Configuration files: Each lab report should include the complete configurations for BR, R1, R2, and R3. In each case you will need to copy the configurations off from the router to ws0, then from ws0 to your ocelot.aul.fiu.edu account to include in the report. See the notes from class 1. This data can be collected as a group. (4 points)
Question 1: The lab report should also include a section showing what you would enter on R2 to configure a eth1/3 interface that also connects to *existing network* 10.XX.2.0/24 using 10.XX.2.3 as IP. (5 points)
Question 2: The lab report should also include a section showing what you would enter on BR to configure a fictional fxp3 interface that connects to new fictional network 128.227.128.128/25 using any appropriate address for that network. (5 points)
Question 3: The lab report should also include a section showing what you would enter on R1 to configure a fictional eth4 interface that connects to new fictional network 131.94.100.0/22. Use the *last* available address on that network. (5 points)
Wireshark capture: When I ask for a captured packet, I want to see the full ascii wireshark details of the packet in text in the report. Not the pcap version and not the summary version. See here for an example of the correct output of a ICMP echo reply You can do this by "marking" the packet. (Edit-Mark packet) then using the "File->Print" with "output to a file" and "marked packets only" with "packet details" checked with "all expanded" checked.

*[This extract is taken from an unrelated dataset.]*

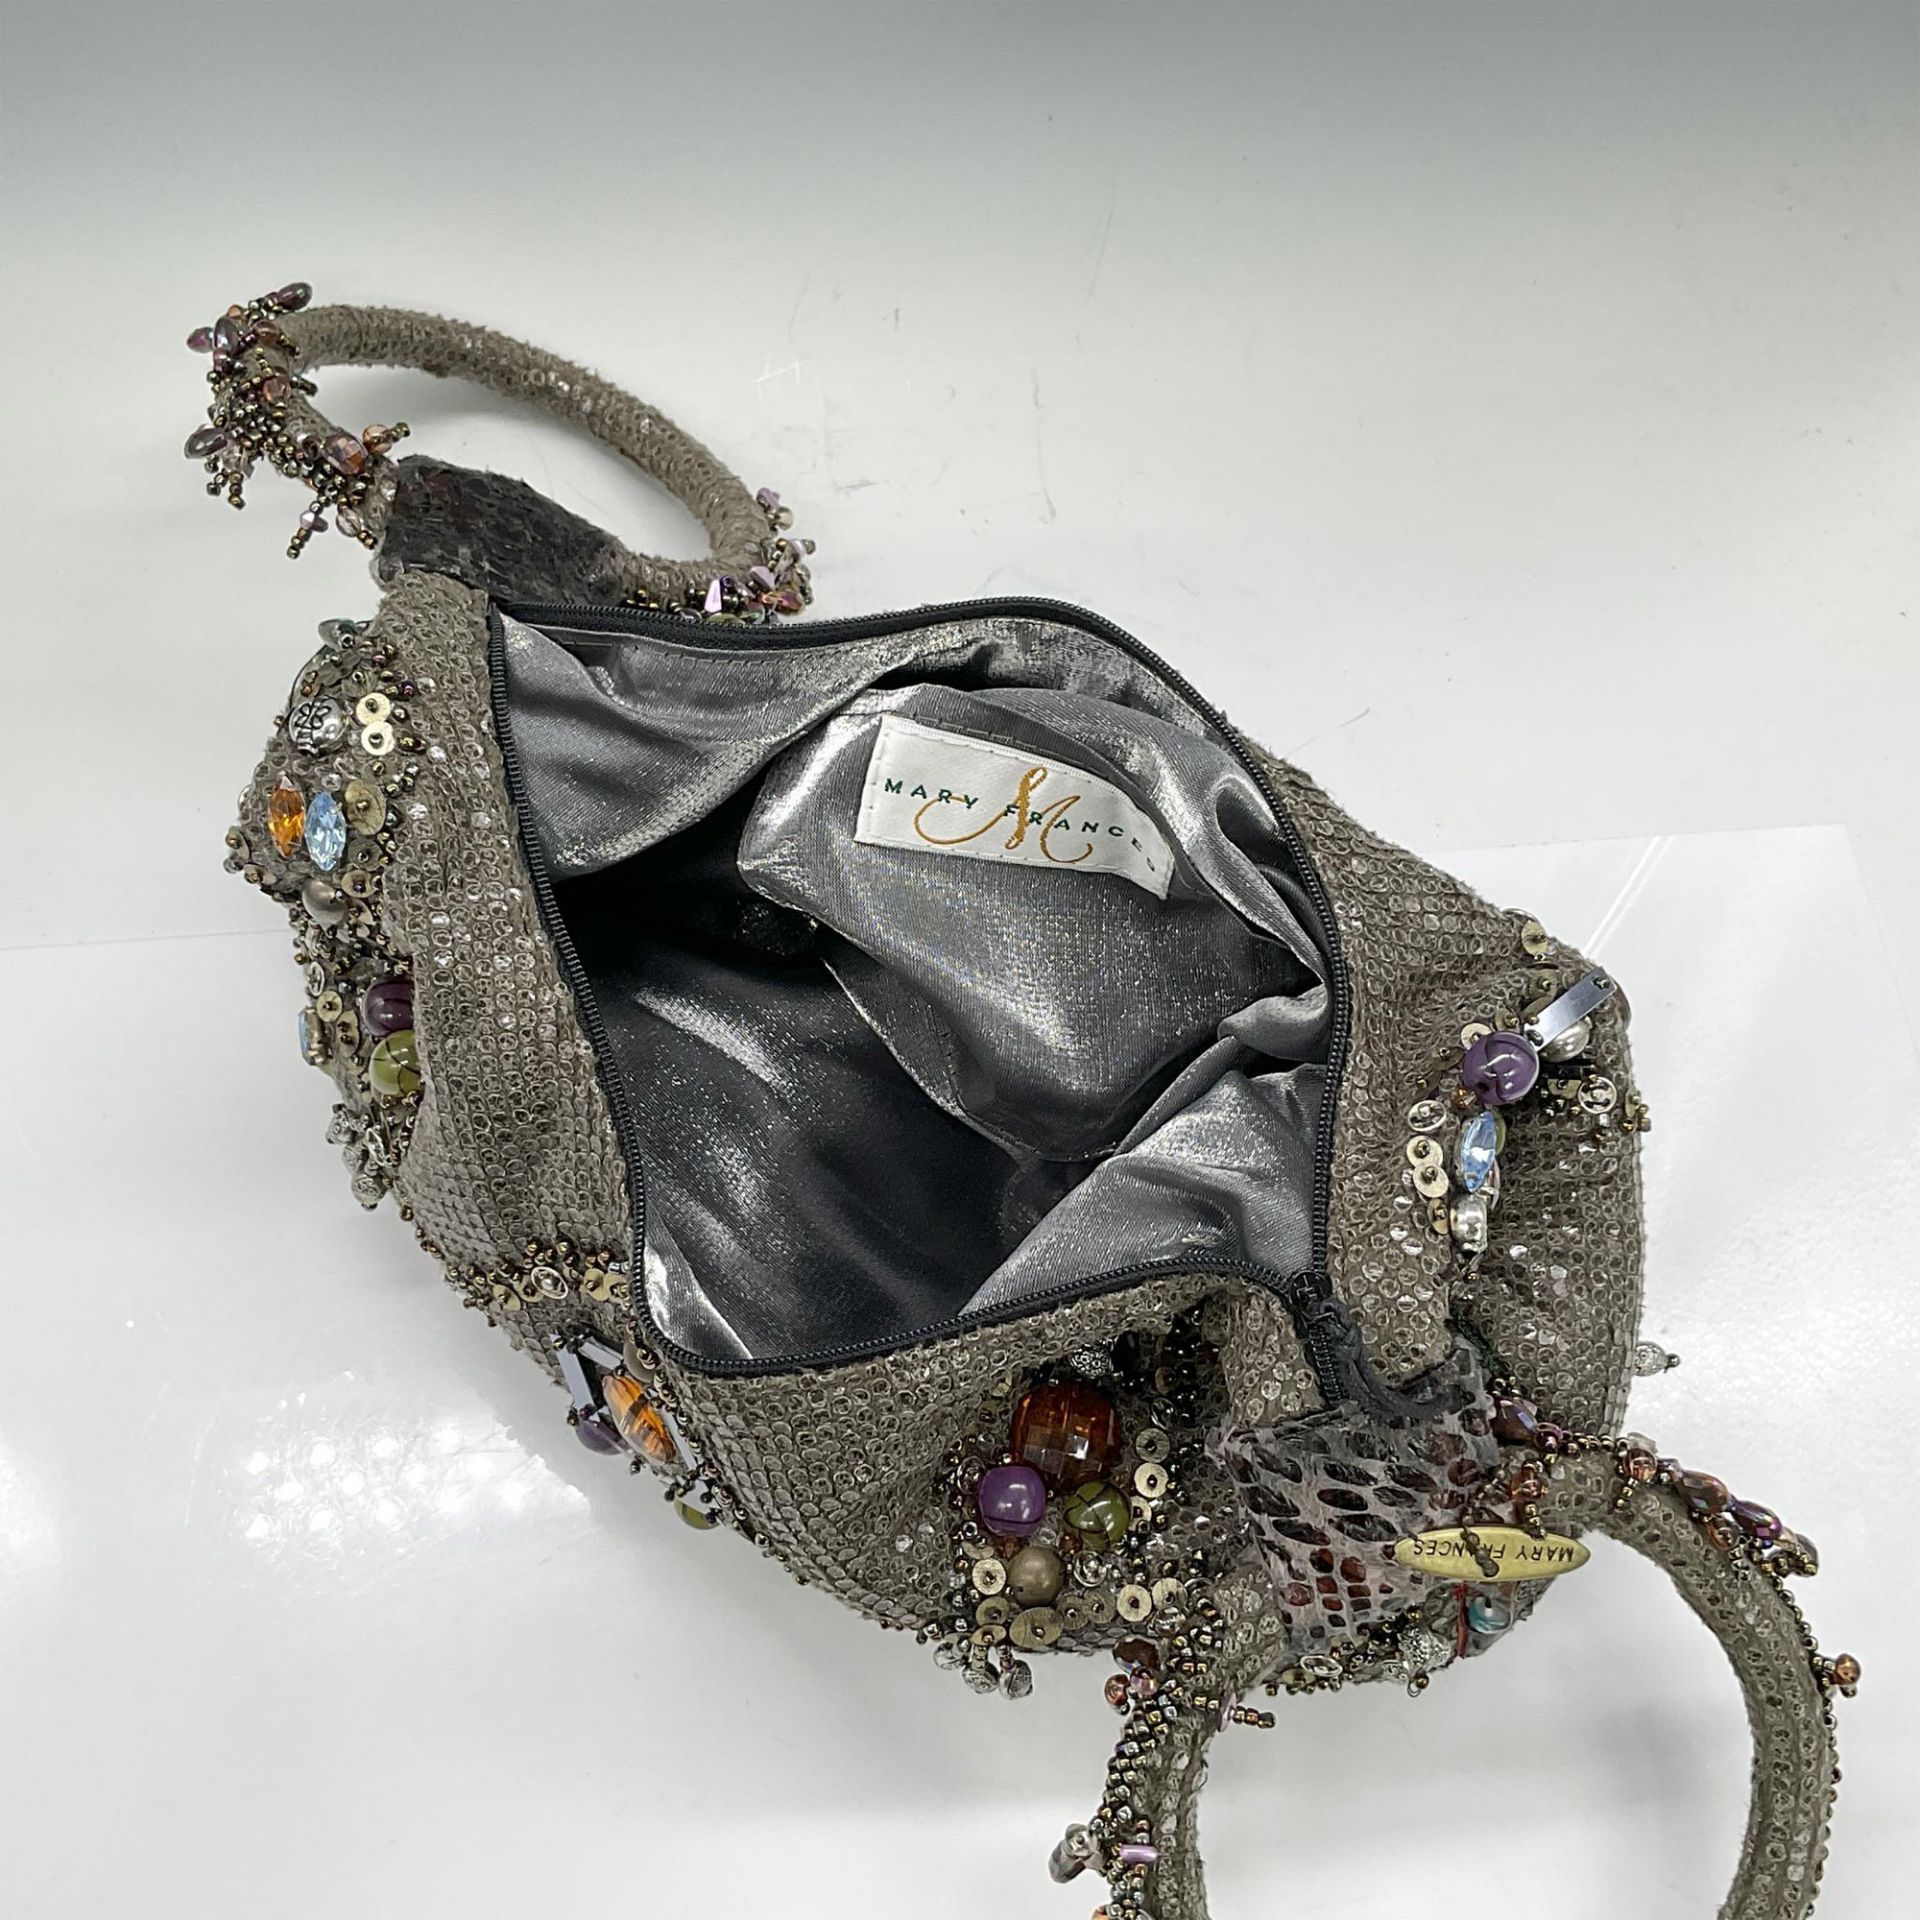 Mary Frances Fabric Handbag, Charcoal Grey w Beads - Image 5 of 5

Include in report a full wireshark packet output of the ICMP redirect seen in step 4. (1 point)
Question 4: A detailed narrative describing what is going on in sequence for each arp, icmp echo request/reply, or icmp redirect packet in step 4. Narrative should be in this format. Remember that since we are monitoring a switched port, you will only see traffic that is broadcast or addresses to ws0 eth0 mac address. You will need to think about what *should* happen and include details on packets you might not have seen. (10 points)
Remember, all reports have to turned in on paper, or in PDF via email. MS word, open office or even plain text formats *WILL NOT* be accepted.